» **The data**:
------

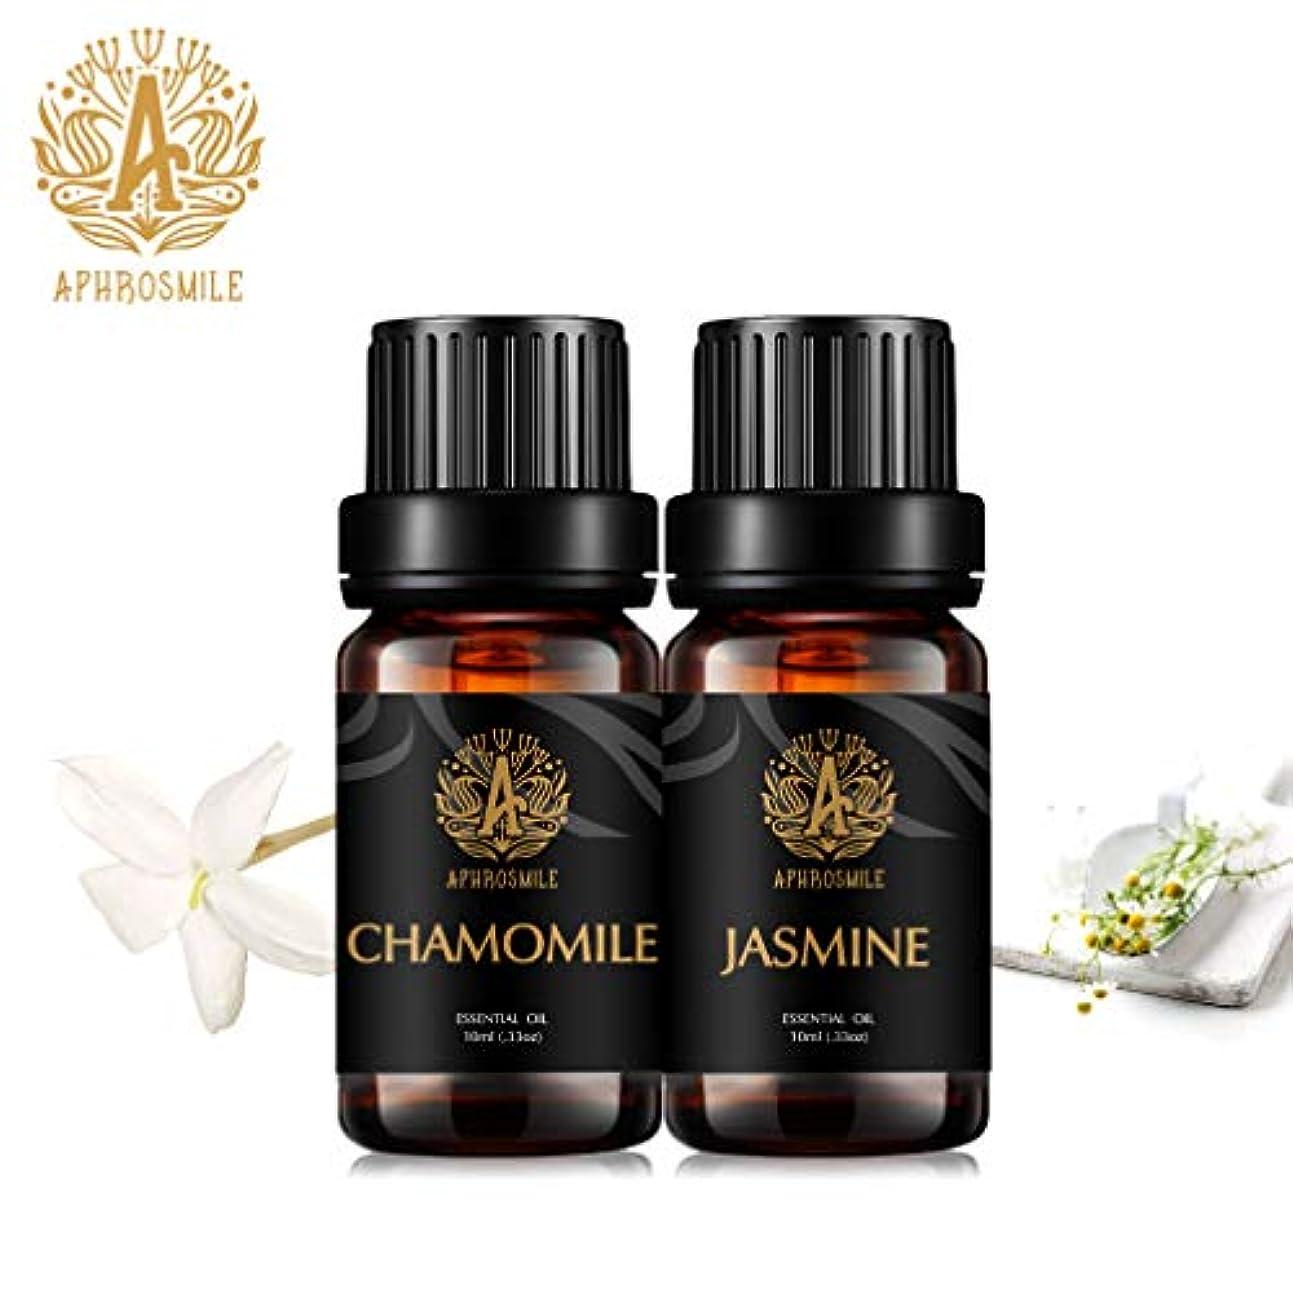 害虫助けて羽APHORSMILE JP 100% 純粋と天然の精油、カモミール/ジャスミン、2 /10mlボトル - 【エッセンシャルオイル】、アロマテラピー/デイリーケア可能
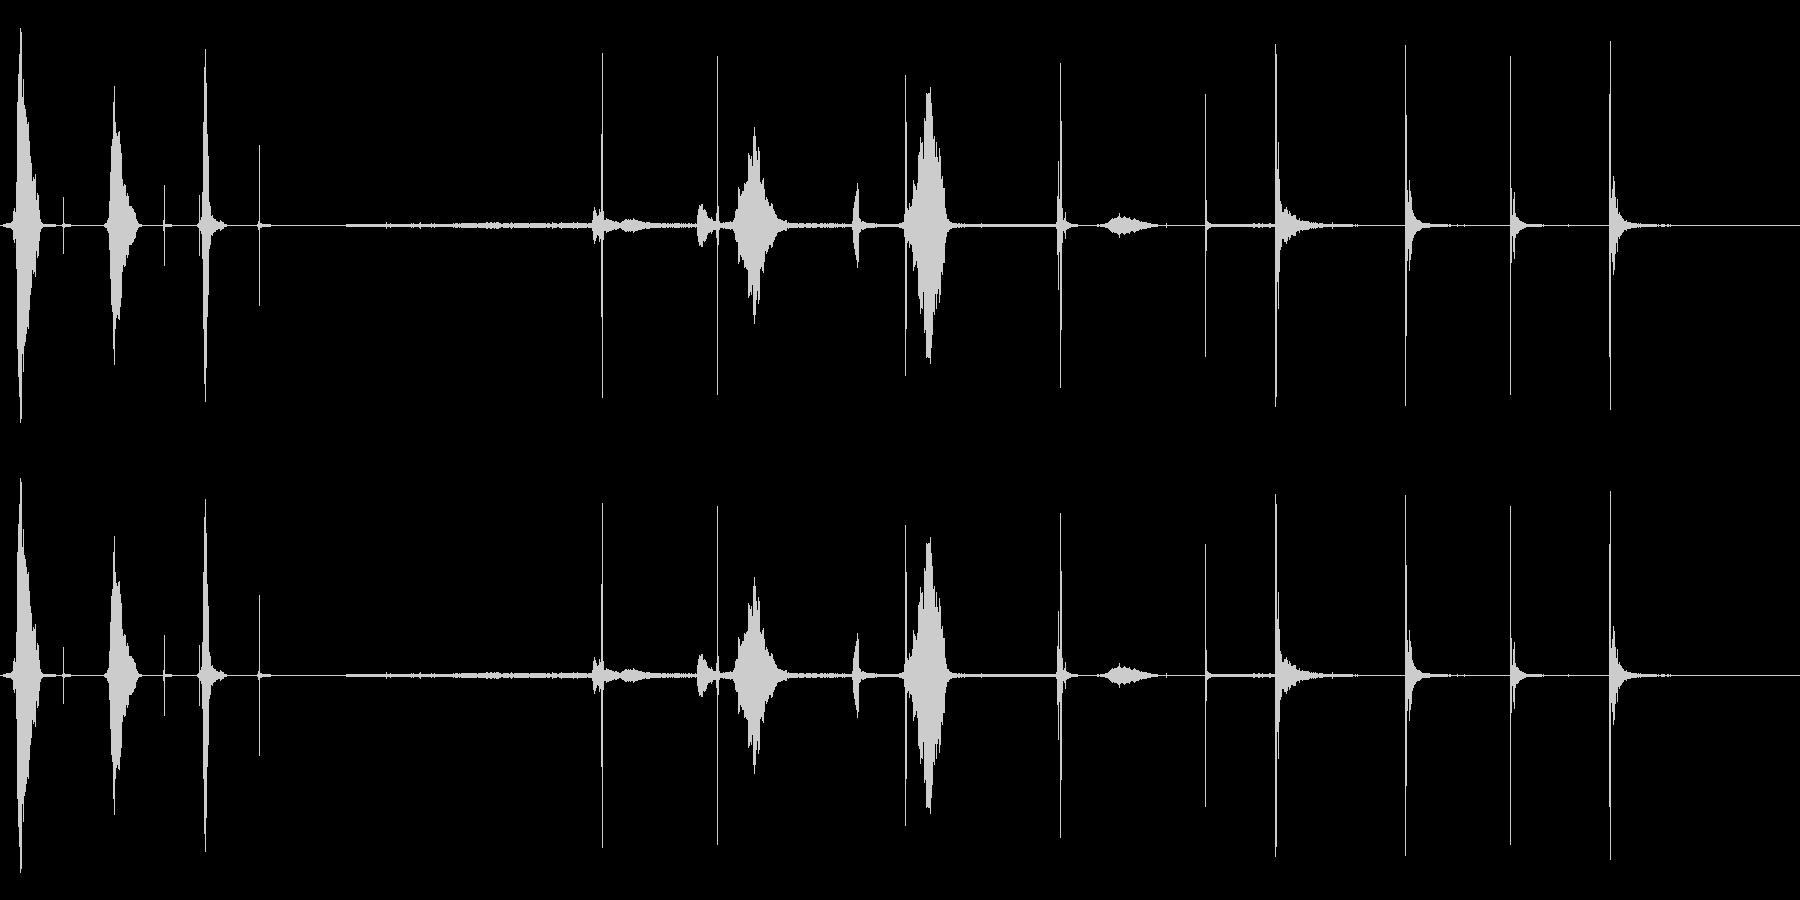 花火1の未再生の波形
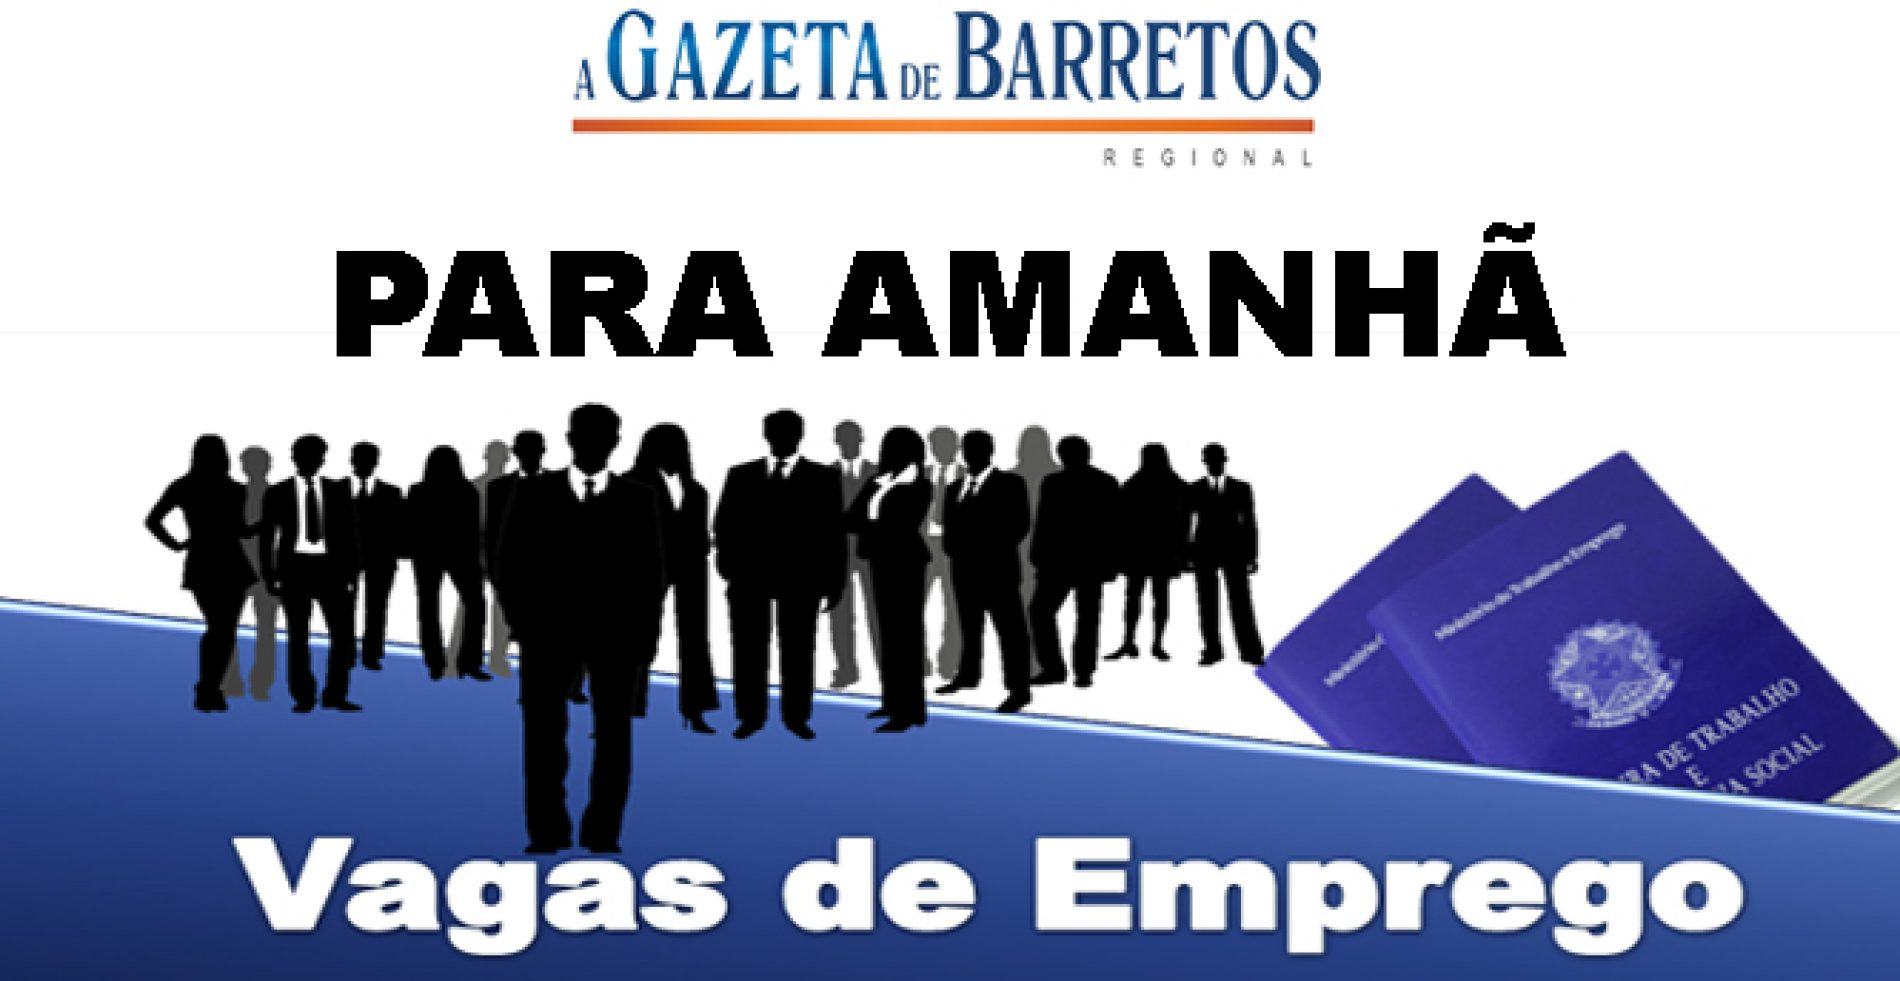 EMPREGO: VAGAS DISPONÍVEIS PARA AMANHÃ 12/07/2019

------

» **Your goal**: The whole listing, minus its images, should be repeated exactly.

» **Answer section**:
 害虫助けて羽APHORSMILE JP 100% 純粋と天然の精油、カモミール/ジャスミン、2 /10mlボトル - 【エッセンシャルオイル】、アロマテラピー/デイリーケア可能
 花火1の未再生の波形
 EMPREGO: VAGAS DISPONÍVEIS PARA AMANHÃ 12/07/2019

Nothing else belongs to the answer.